What you will do –
Set down exact lines only, from the line with "Nikon PB-4 Bellows" through the last line of the material below, with every picture left out.

Dataset excerpt –
»»

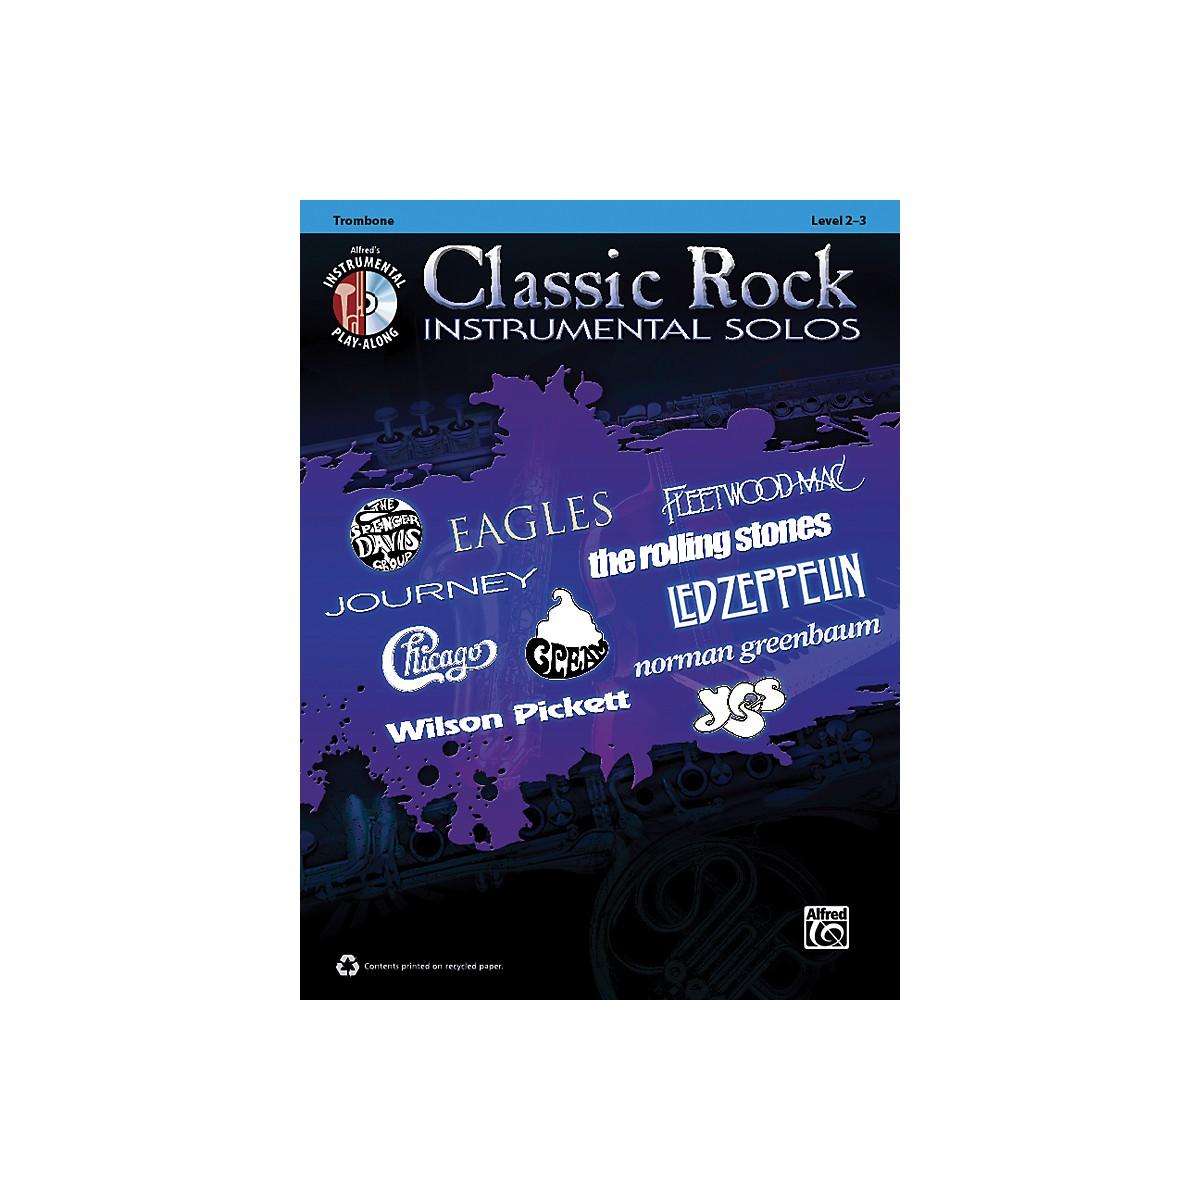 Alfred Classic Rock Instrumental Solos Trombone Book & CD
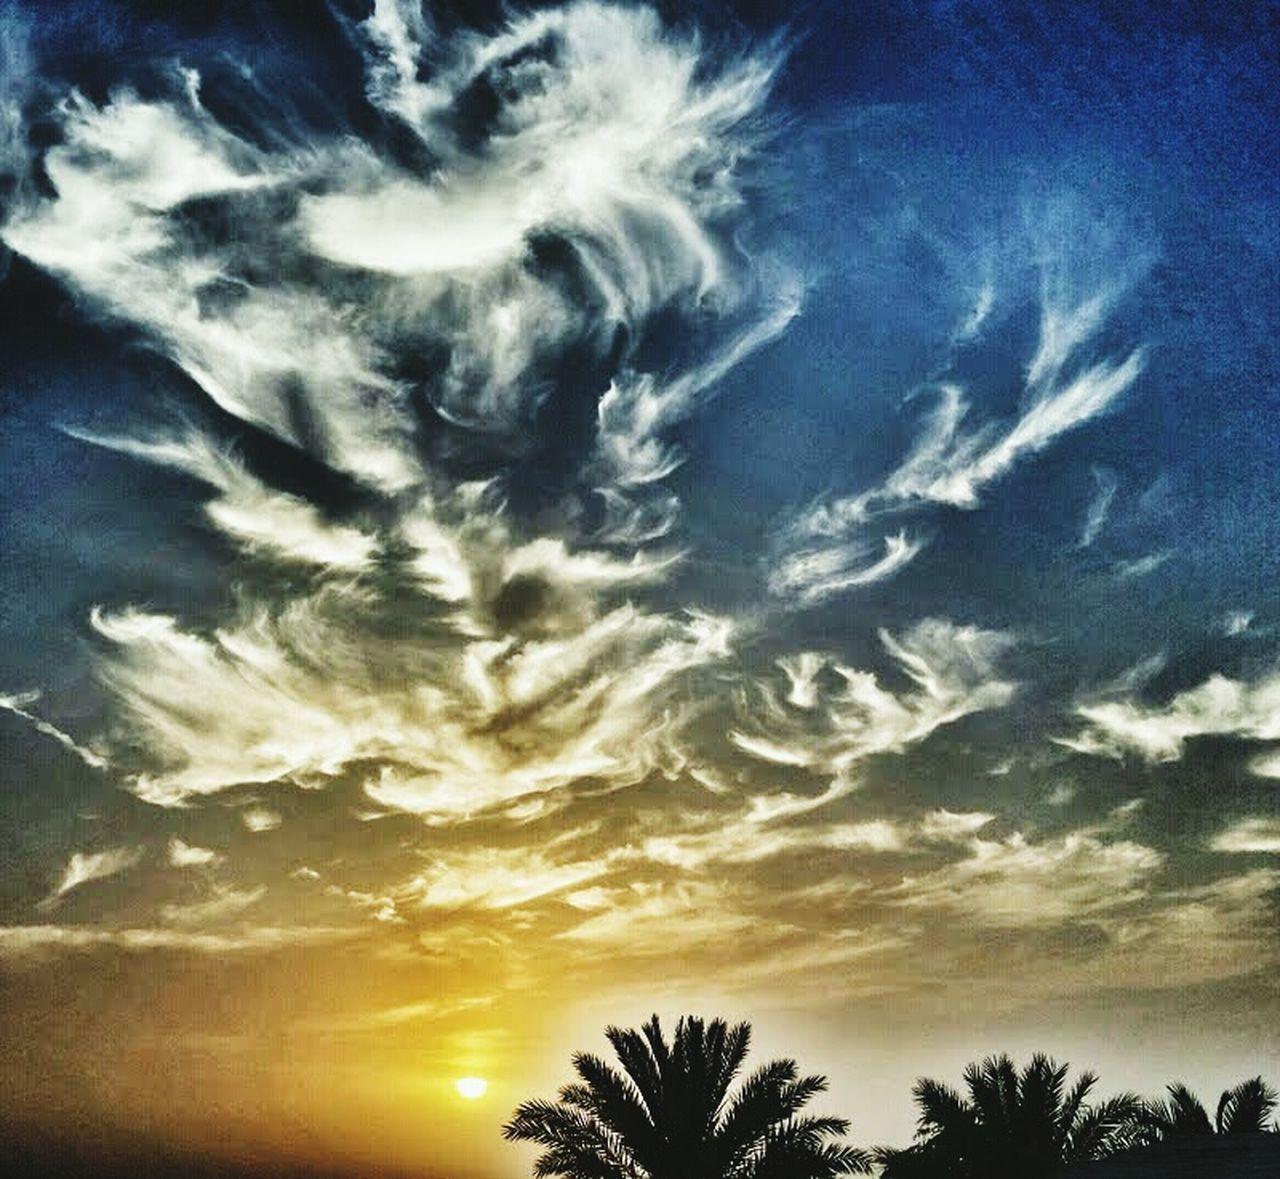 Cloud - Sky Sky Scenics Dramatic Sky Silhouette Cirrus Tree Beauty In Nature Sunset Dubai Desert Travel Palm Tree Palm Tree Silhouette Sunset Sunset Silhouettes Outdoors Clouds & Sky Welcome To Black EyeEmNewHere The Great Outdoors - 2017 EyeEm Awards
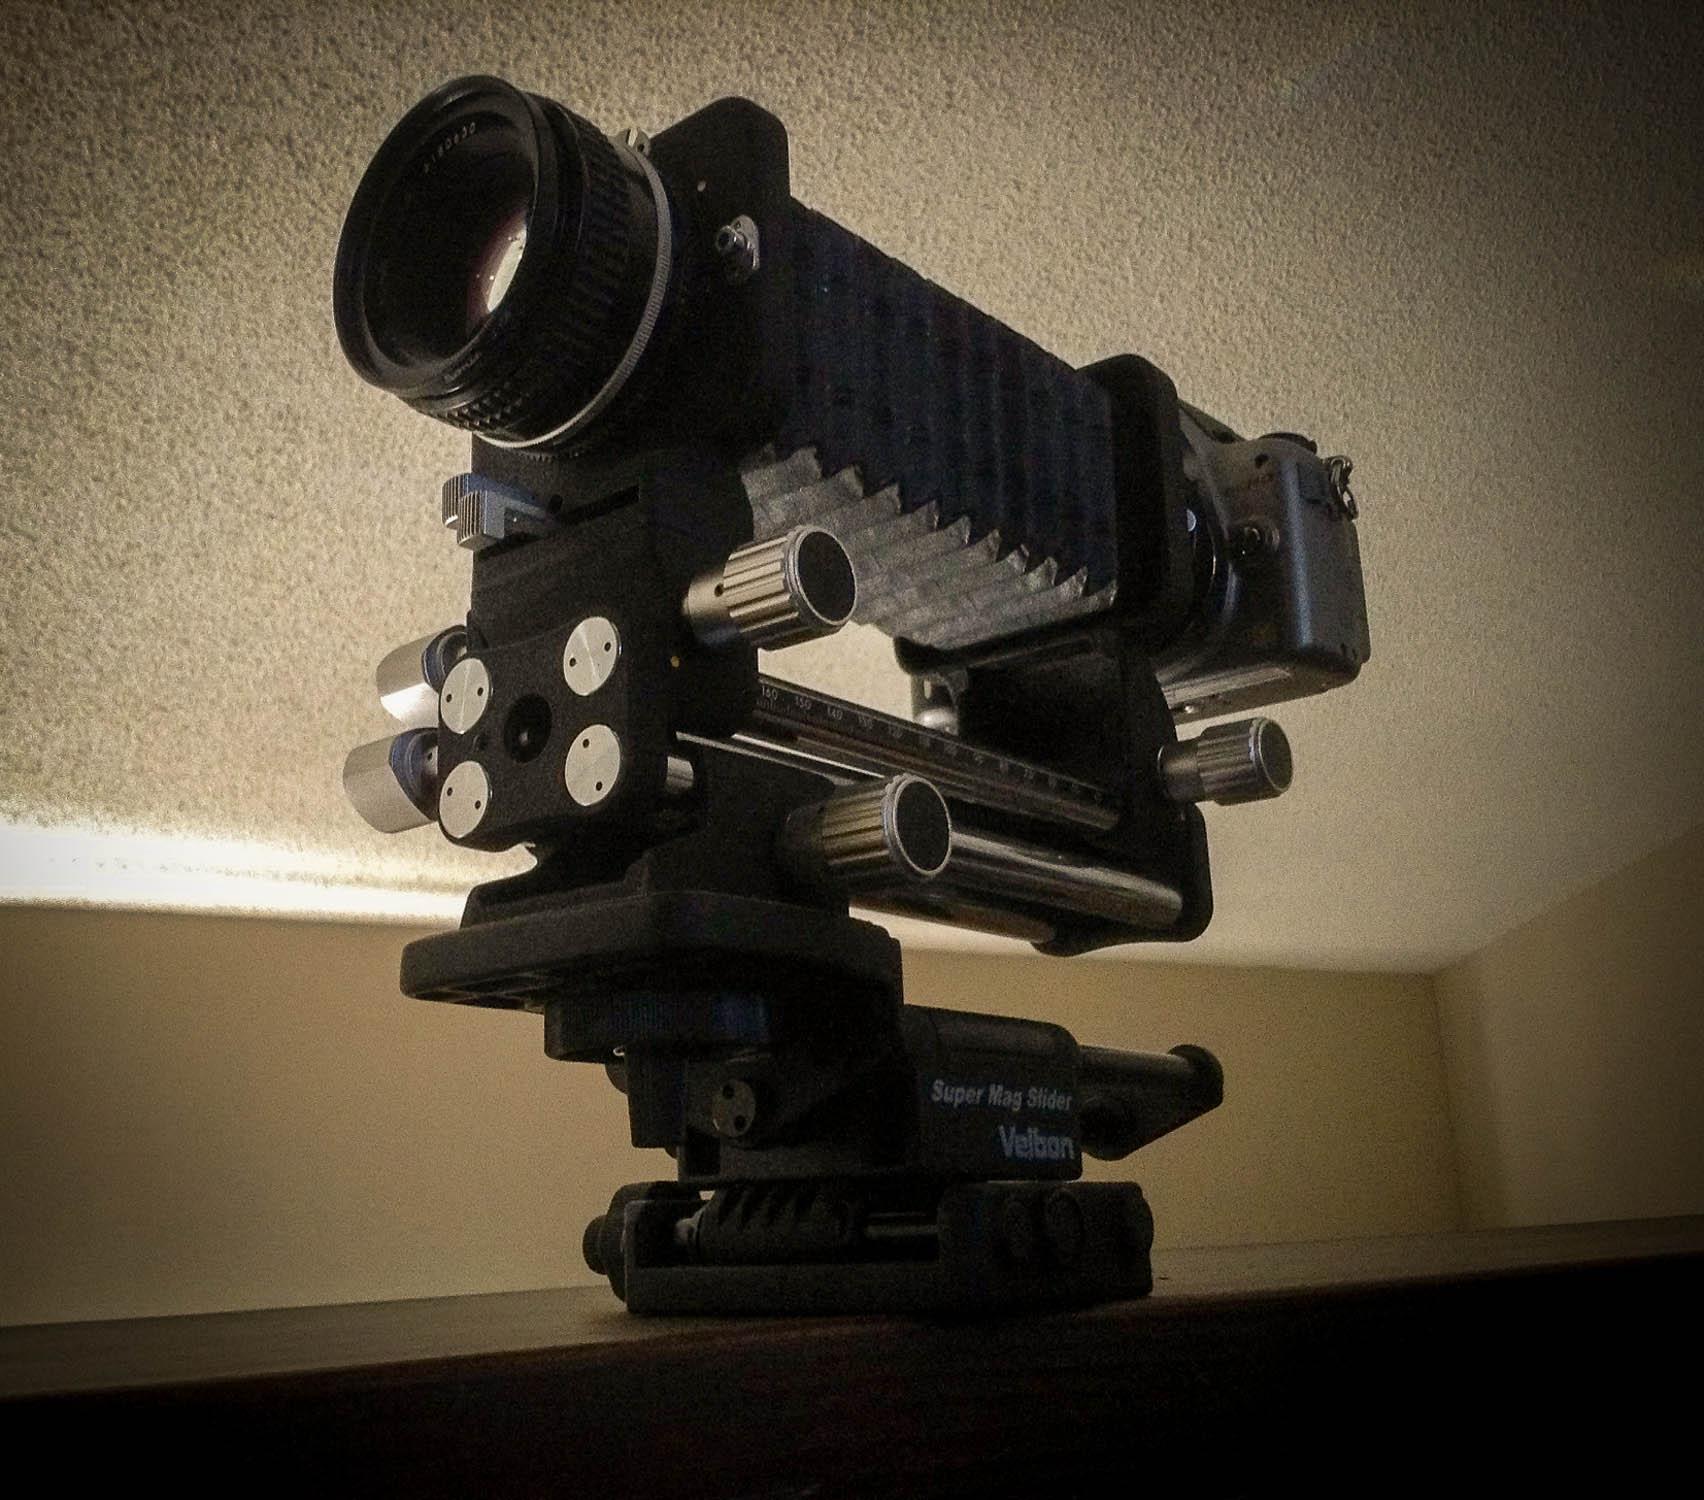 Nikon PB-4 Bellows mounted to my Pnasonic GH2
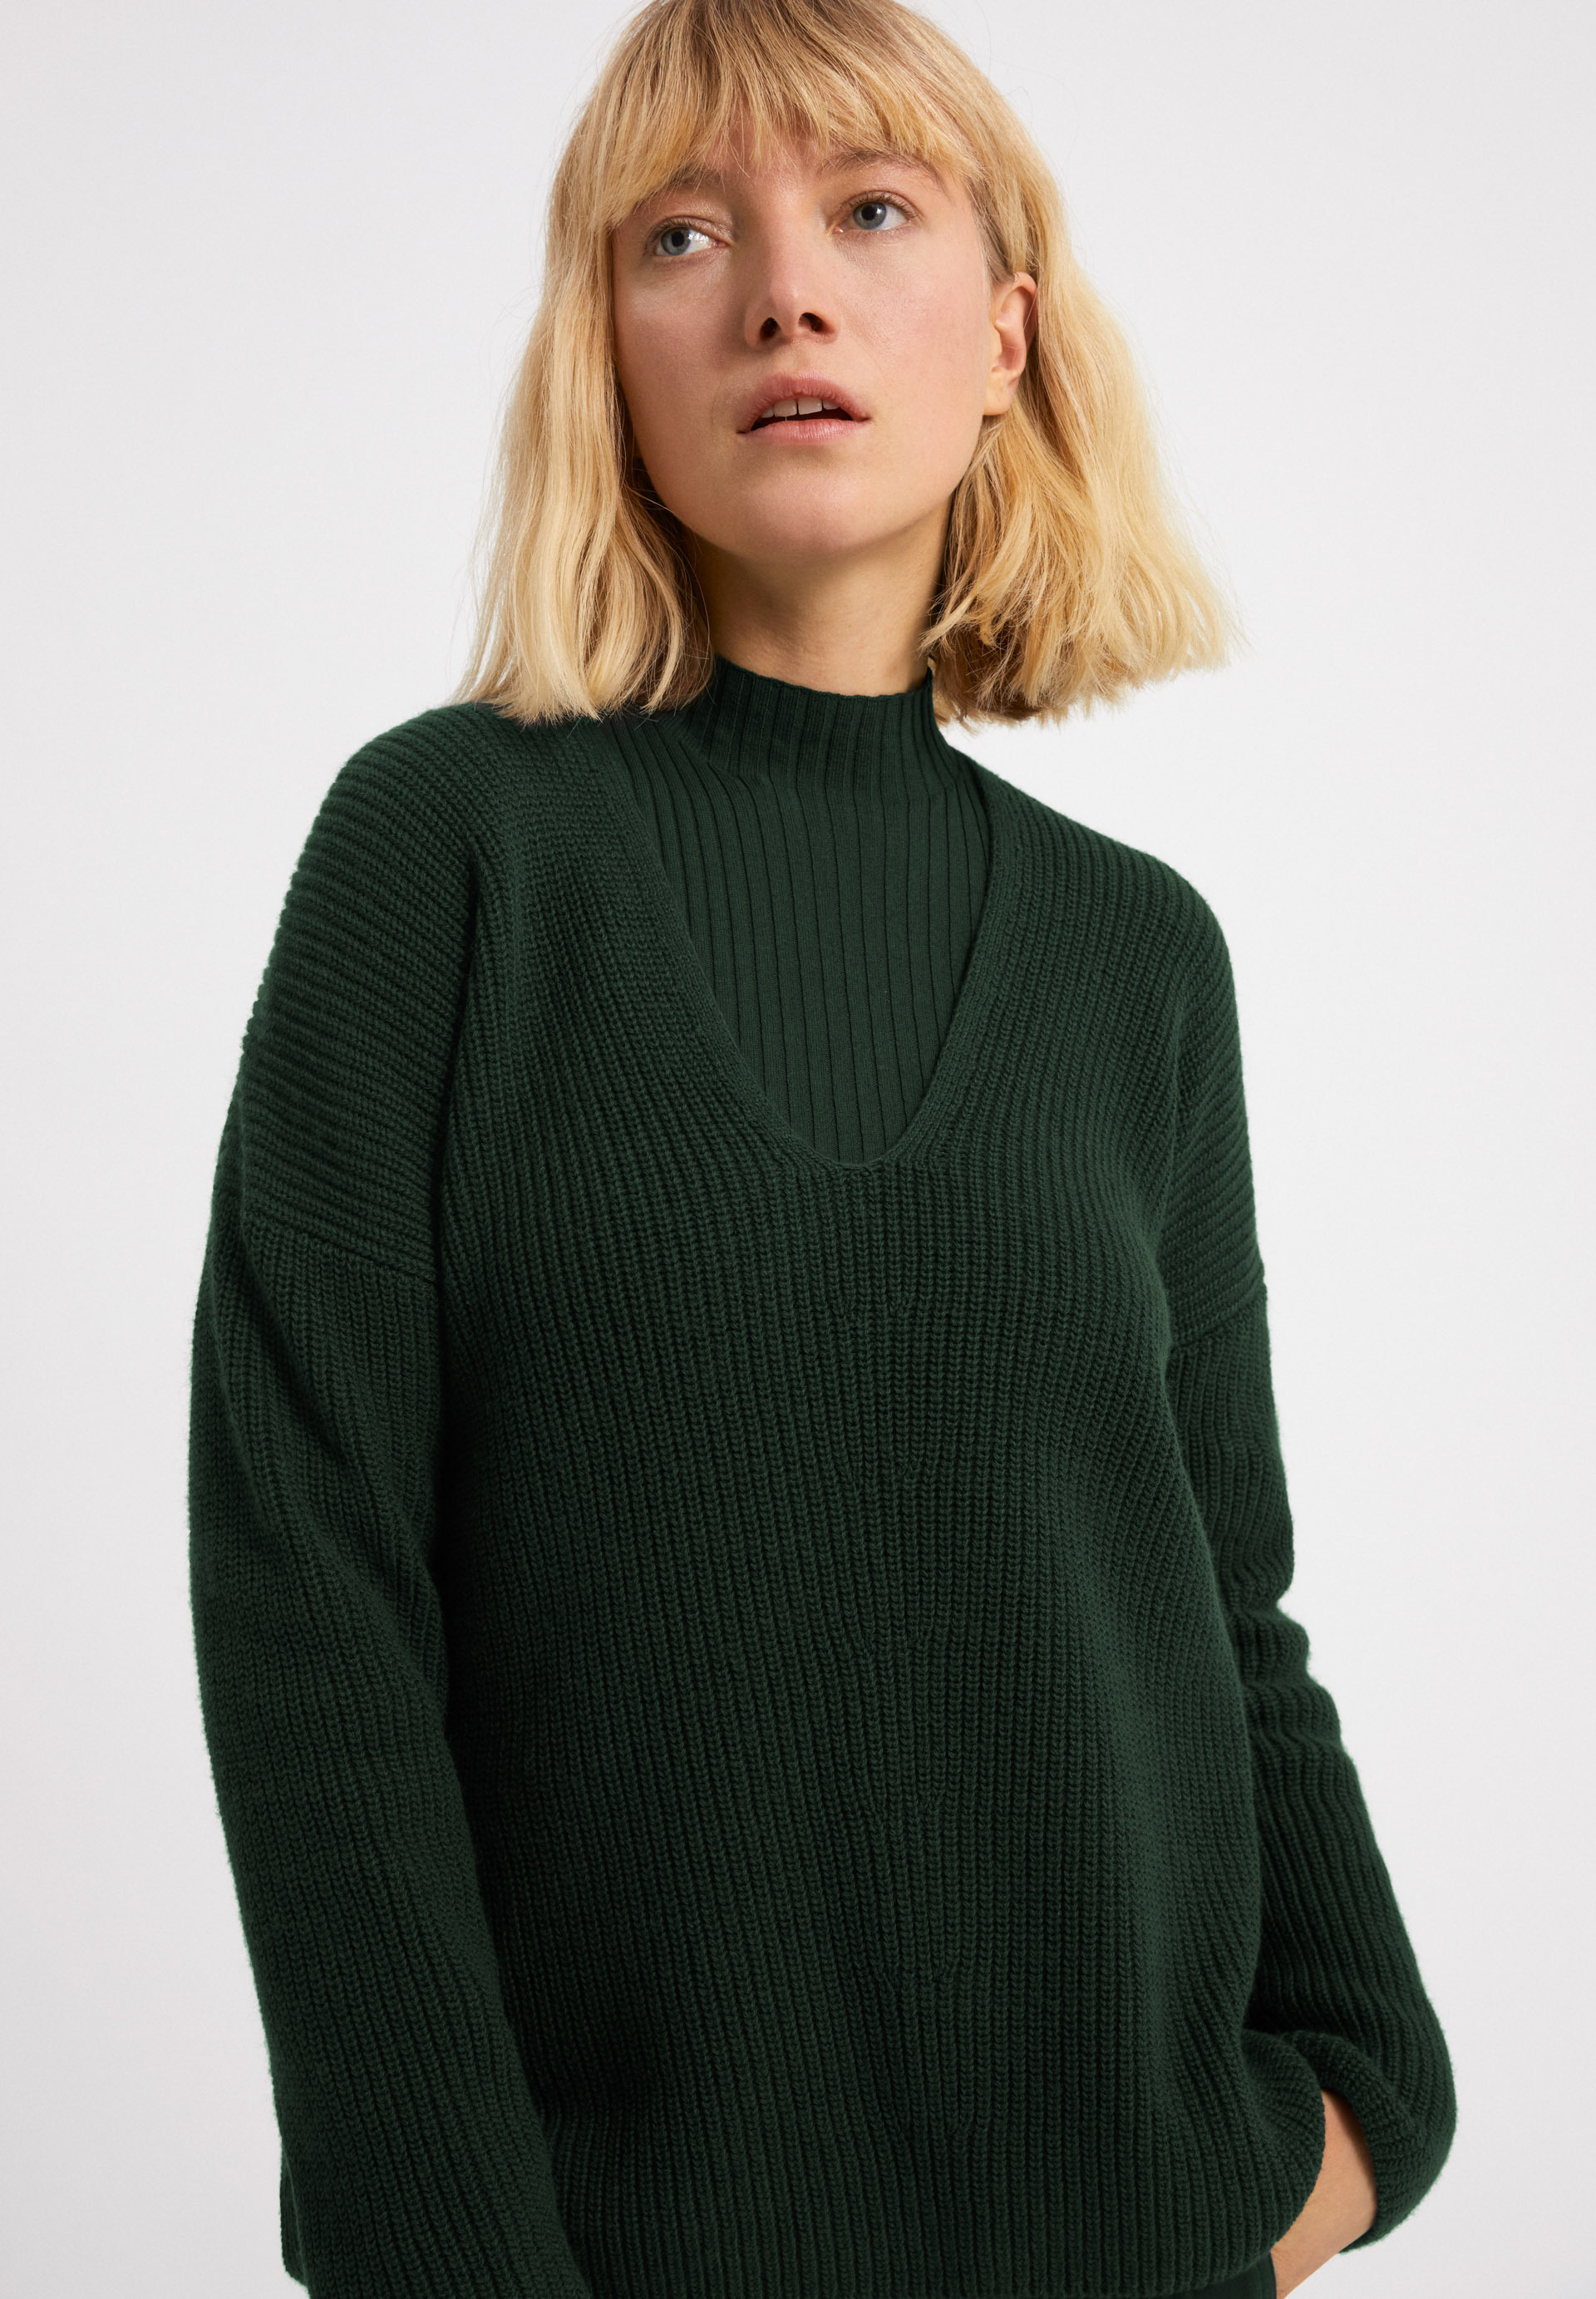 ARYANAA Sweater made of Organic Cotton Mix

««

Task solution –
 Nikon PB-4 Bellows mounted to my Pnasonic GH2
 ARYANAA Sweater made of Organic Cotton Mix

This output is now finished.